BLM sponsors Indigenous college students at leadership congress
Junior faculty members play a critical role in NYCALC by working to help mentor and guide the high school students as they complete projects and attend workshops. Together, the participants spend time uplifting and motivating each other, as well as finding solutions for building more self-sufficient and sustainable futures for their communities.
“I’m extremely proud of the junior faculty we selected this year. Because of their involvement and voices, NYCALC will be able to adapt to the rapid changes and challenges Indigenous youth face in their communities,” said Wheeler.

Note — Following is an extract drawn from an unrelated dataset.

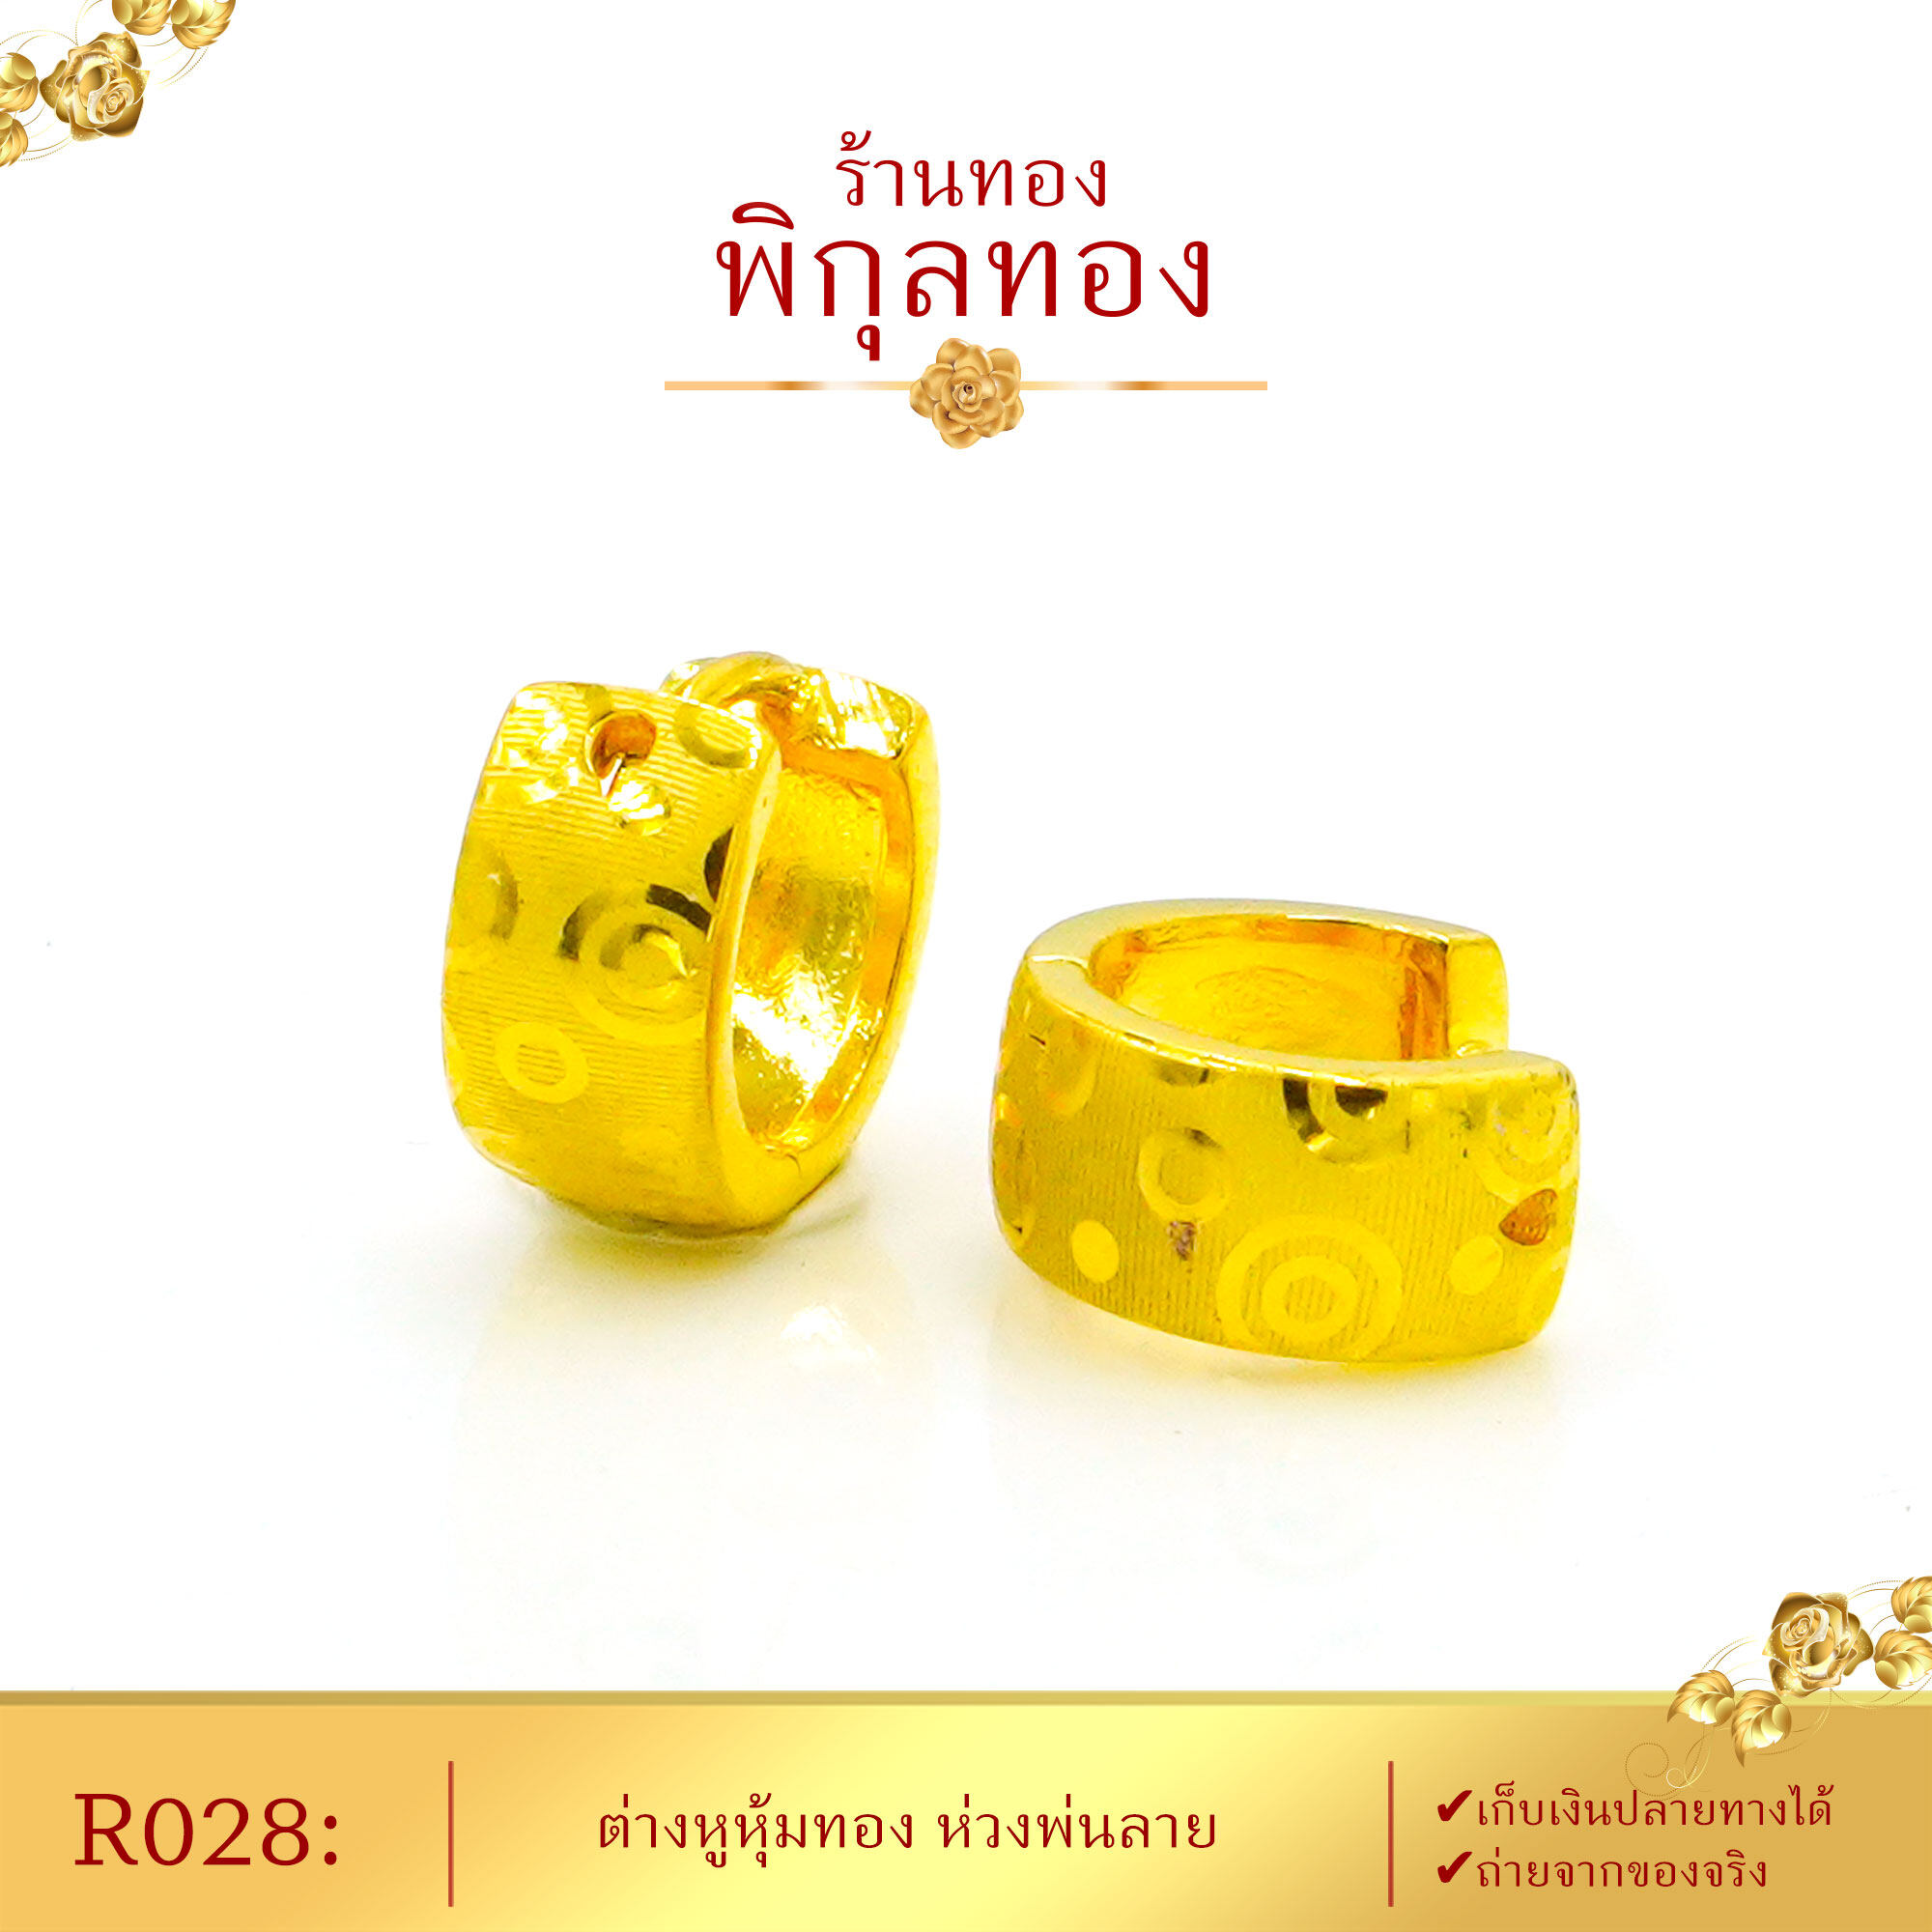 Pikunthong- รุ่น R028 ต่างหู ต่างหูทอง ต่างหูหุ้มทองแท้ ตุ้มหูทอง ขาล็อค (ต่างหูทองหุ้ม เกรดพิเศษ) ร้าน พิกุลทอง

NYCALC provides participants with the space to learn that their voices really matter, not only in terms of the environment, but also in other important community challenges.
Junior faculty member, Sebastian Preston (Tohono O’odham), explains, “My biggest takeaway from NYCALC is all the different types of issues many Native communities face, and how similar their experiences and feelings are. I talked to kids who experience drug abuse, fear of loss of sovereignty or land and mental health issues such as suicide. We do not always get to talk about these situations in school, but youth need the opportunity to talk in a way that is open and not forced, and now we feel like we are an important part of the larger Indigenous community.”
BLM intern and junior faculty members Ipa Dutchover (Akimel O’odham) and Kiana Estate-Gashytewa (Zuni) noted that they were inspired by learning more about how federal agencies and employees work with Tribal organizations to honor the federal government’s nation-to-nation relationship with Tribal Nations, strengthen Tribal sovereignty and self-governance, and uphold the government’s trust and treaty responsibilities to Tribal Nations.
Dutchover stated, “Including Indigenous people and their traditional practices on a large scale in land conservation can greatly impact the way the world takes care of the environment as well as provide Indigenous youth with examples of how they can contribute to land conservation in their own communities while simultaneously improving their career opportunities.”
Etsate-Gashytewa expressed a deep gratitude and admiration for Wheeler’s support and mentorship, saying “Brooke Wheeler is the best person for the position and gives lots of care, thought and dedication to helping Indigenous youth. Her support and care comes from the heart.”